# Is it a good idea?



## Zanna (Sep 28, 2006)

Hello! Hubby used to raise pigeons as a kid, and is very interested in doing so again. However, for now, we are in a flat in a residential area of our city. There are lots of feral pigeons around -- in fact, last night there was one who was in front of our home for a few hours, just hangin' out. Anyway, my husband has gotten me very excited about pigeons -- and I was wondering if it is a good idea to try to attract some to our back porch. 

The downstairs neighbor has a cat -- but he's quite lazy and never ventures up to our porch, or very far out of their fenced-in yard. 

I'd love to have some who come to feed, and eventually eat from my hand.
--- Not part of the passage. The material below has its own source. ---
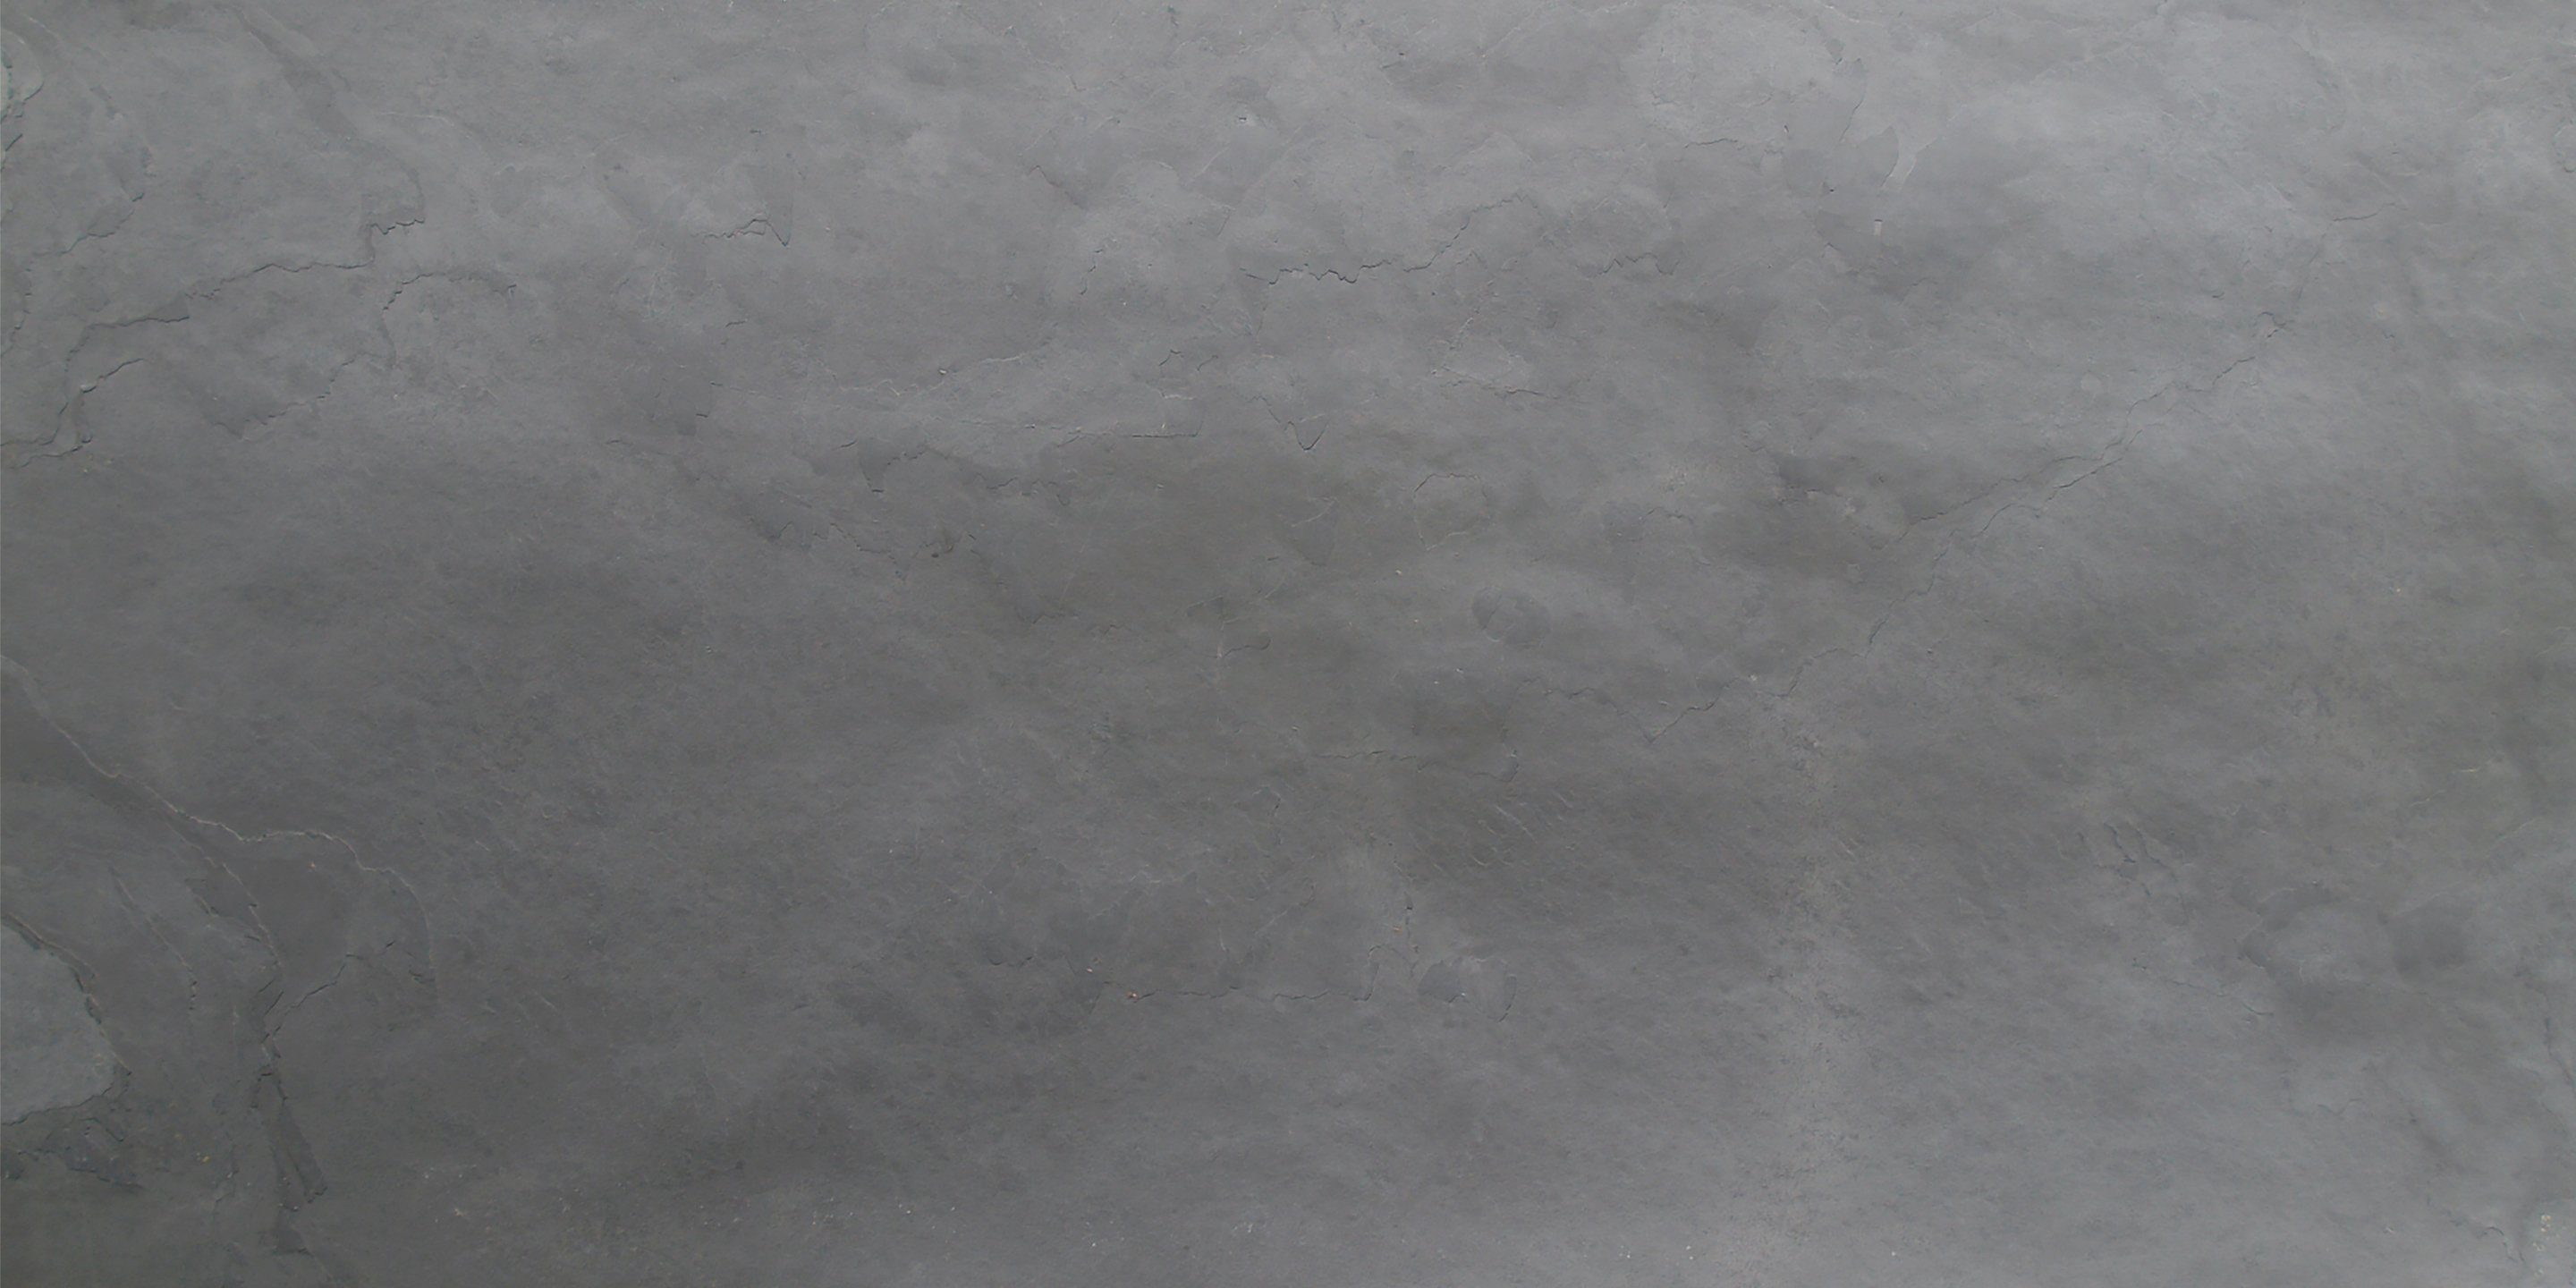 Slate Lite Wandpaneel Negro, BxL: 120x240 cm, 2,88 qm, (1-tlg) aus Echtstein | Wandpaneele

They are so beautiful and alluring!  

Am I being too self-centered in my desire? Would it be good for the pigeons? Would I be putting them at risk? I read other posts about attracting pigeons where someone might shoot them, etc. But there are lots that hang around our home and no one bothers them. 

And -- if y'all think it's an okay thing -- what food do we give them? I have about 80# of wild bird seed that I can add something to to get the right mix, at least to begin with. 

Any ideas? Thanks.
Zanna


----------



## Skyeking (Jan 17, 2003)

Hello and thank you for your interest and concern in feeding our noble feral flock.

It is good that you thought first about the consequences in regards to the birds well-being.

When you start feeding pigeons they will love you for it, but they will bring their friends, neighbors, and eventually their babies, and might even want to move in. That is not a problem for us pigeon lovers, but it might be a problem if you have neighbors who live hearby. 

You need to consider their thoughts and feelings in the matter,only because what eventually might transpire, not to mention check your local laws to see if you have a law against feeding pigeons. It sounds terrible, but these laws do exist, and one complaint can end their being fed.

If you do feed them, it would be best to only feed them from your hand, and don't leave any seed laying around for evidence, and to keep the number down. Once they are noticed, you will be surprised at how many neighbors take notice and even just one complaint can result in alot of trouble for the birds, as well as you.

Check out this link for some ideas:

http://www.pigeons.biz/forums/showthread.php?t=10849

Here is a quality pigeon seed, you don't have to buy it, youcan add some of the ingredients to a regular wild bird mix, they love green split peas too:


http://purgrain.com/ingredients.htm


----------